Archiwa tagu: Ireneusz Czop

Konwój

Warto obejrzeć. Owszem, jest to opowieść, którą już skądś znamy. Wszystkie opowieści krążą przecież w eterze od dawna.  konwoj-plakatMoże pojawi się efekt déjà vu, gdy wpatrzymy się w twarze aktorów – Gajosa i Więckiewicza, podobno po raz pierwszy razem. Gliny ani trochę nieskazitelne. Pierwszy jest dyrektorem więzienia, z pozycją i koneksjami. Drugi to degenerat, płacący za służbę w więziennej straży samotnością i uzależnieniami. Obaj od lat nadzorują przestępczy świat. Z różnych perspektyw patrzą na to samo: podłość i bagienne tony ludzkiej natury, która i w nich nie milczy. Trzydzieści lat nadzoru nad strażą więzienną (Gajos) i nad tymi, nad którymi nadzór ma straż. Sytuacje, których nie chce się oglądać zza grubej szyby, a jest się w centrum (Więckiewicz). Filtr, przez który patrzą, asymiluje się z organizmem. Pozory są dla świata, dla wtajemniczonych konkret: utylizacja śmieci.
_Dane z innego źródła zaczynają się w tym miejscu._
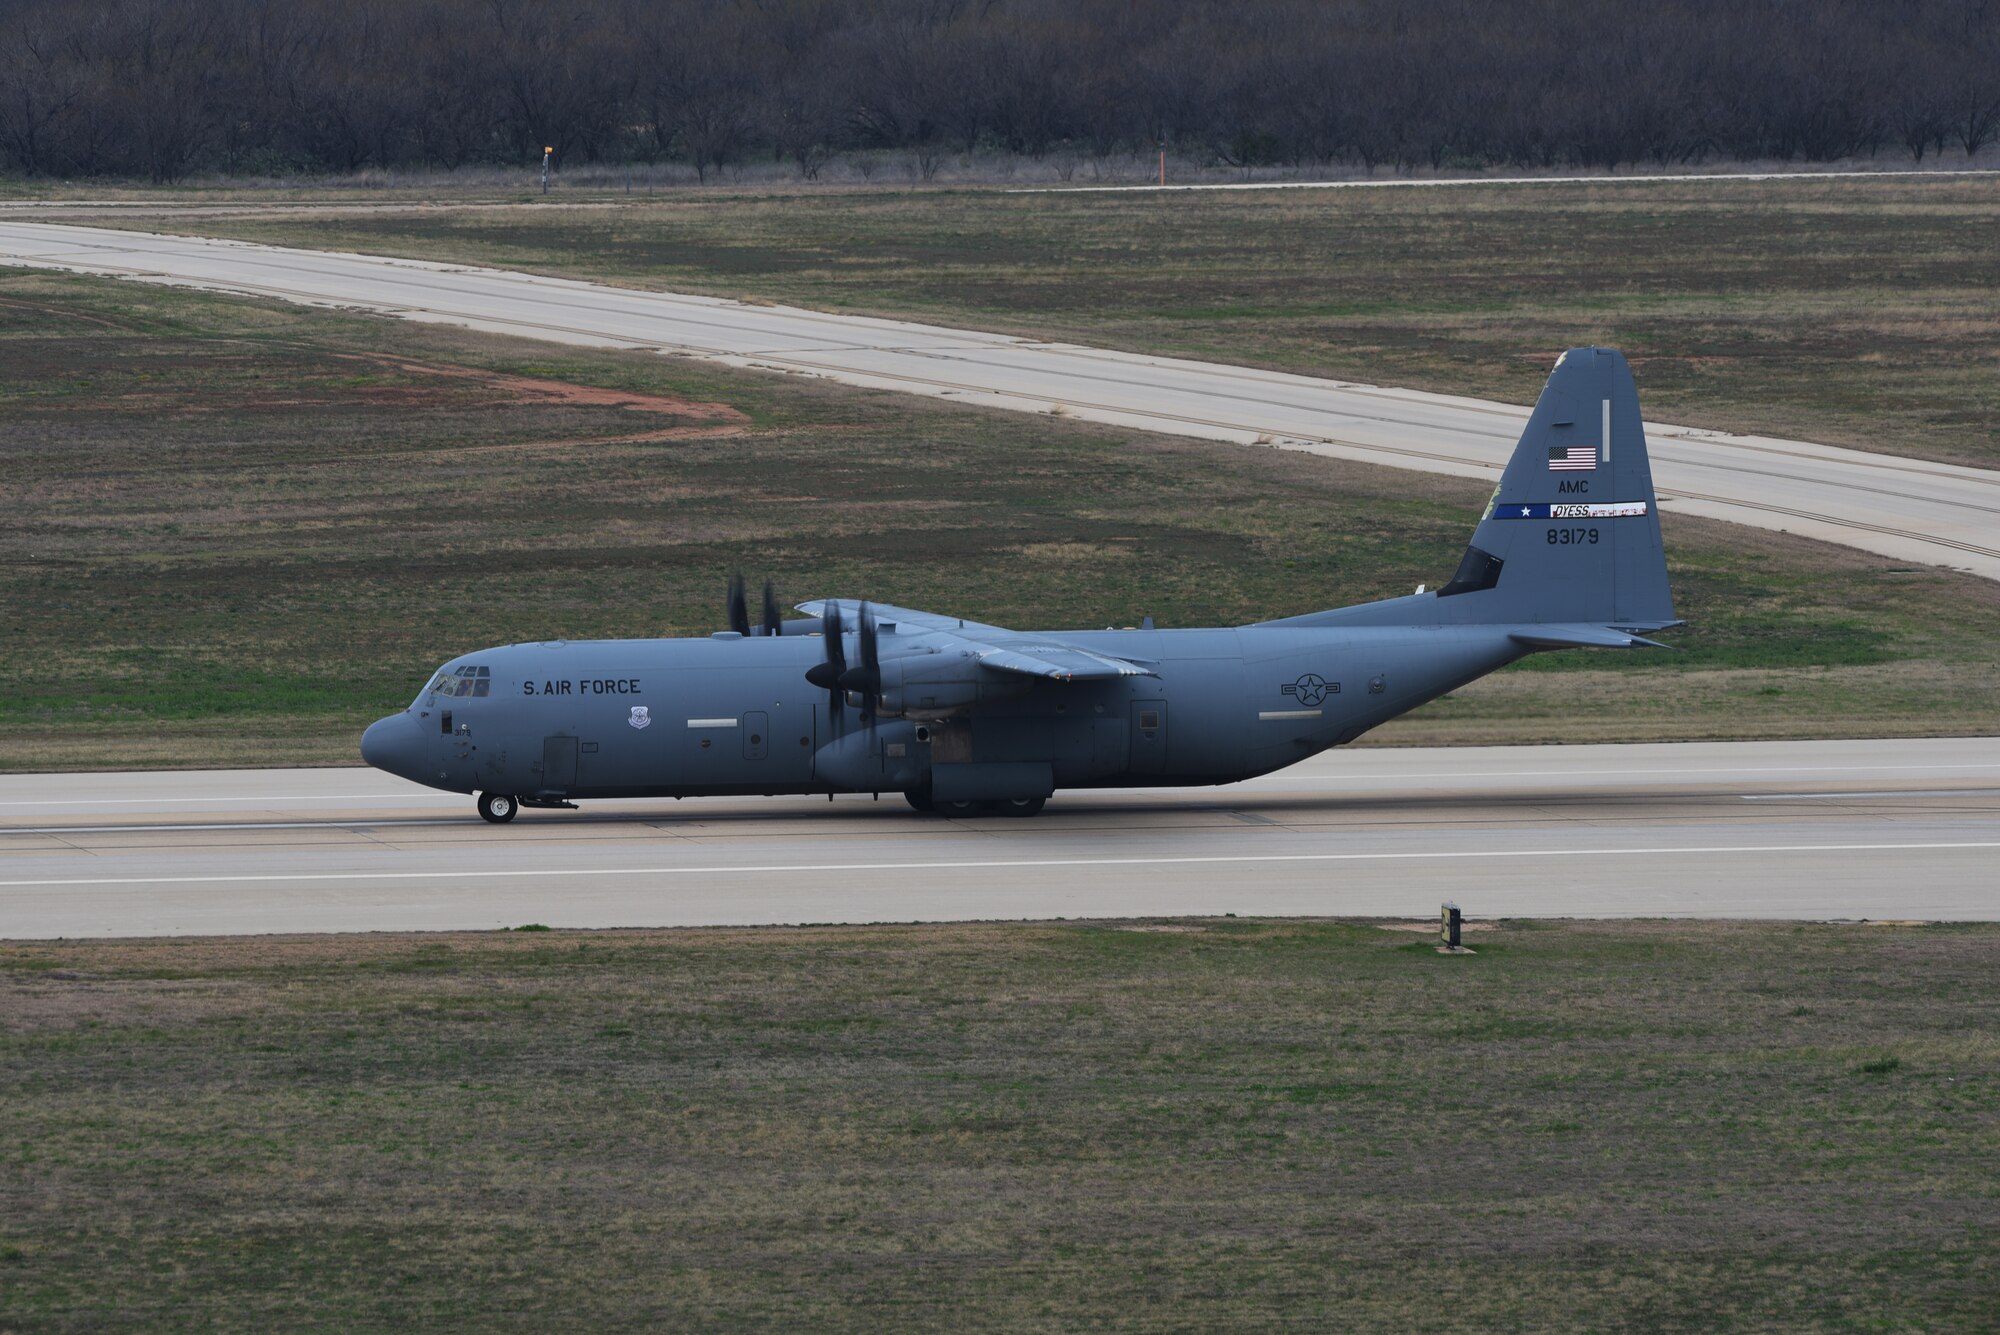 A C-130J Super Hercules taxis on the runway at Dyess Air Force Base, Texas, March 22, 2023. In preparation for possible inclement weather, Dyess Airmen rapidly prepared over a dozen aircraft to relocate, successfully demonstrating America’s Lift and Strike Base’s ability to achieve dynamic force employment while using agile combat employment. The B-1s were temporarily relocated to Holloman Air Force Base, New Mexico, while the C-130s flew to several airfields throughout the United States. (U.S. Air Force photo by Senior Airman Sophia Robello)

Śmieciem jest przestępca, do którego nie ma się cierpliwości – wypuszczony na wolność zabił dwóch funkcjonariuszy. Poza tym ma pedofilską (nie do końca udowodnioną) przeszłość. Śmieć, który nie zasługuje na sanatorium (psychiatryk). Pozorów, czyli procedur, trzeba przestrzegać, lecz stare wygi wiedzą swoje. Są też ci z jasnej strony mocy: jakiś nadwrażliwy prokurator albo nowicjusz policyjny, Felicjan, wkuwający do egzaminu prawo karne. Felicjan (Tomasz Ziętek), na swoje szczęście-nieszczęście, jest zięciem dyrektora Nowackiego.

Co w tej historii jest udane? 

Po pierwsze to, że akcja jest mocno skondensowana. Całe zło sączy się jedną strużką. Nie ma tysiąca wątków. Jest konwój mający dostarczyć więźnia z więziennej celi do oddalonego o szmat drogi zakładu psychiatrycznego. Na pierwszym planie tylko czterech policjantów z nadzoru, milczący więzień, samochód i szosa. 

Po drugie (wynikające z pierwszego) między personami iskrzy od antypatii i niedomówień, co rozgrywa – nadzorujący sytuację zdalnie – zły dyrektor (Gajos). Policjanci rozpoznają sytuację etapami i każdy widzi ją w innym świetle. Sojusze między nimi są złudne, interesowne, zaskakujące. Jeden kurs zmieni życie każdego z nich diametralnie. Więzień, który ma dojechać/nie dojechać do zakładu, oczyszcza się milczeniem. Na brudnym tle milczenie nadaje mu status jeśli nie wyłącznie ofiary, to choćby w pewnym stopniu.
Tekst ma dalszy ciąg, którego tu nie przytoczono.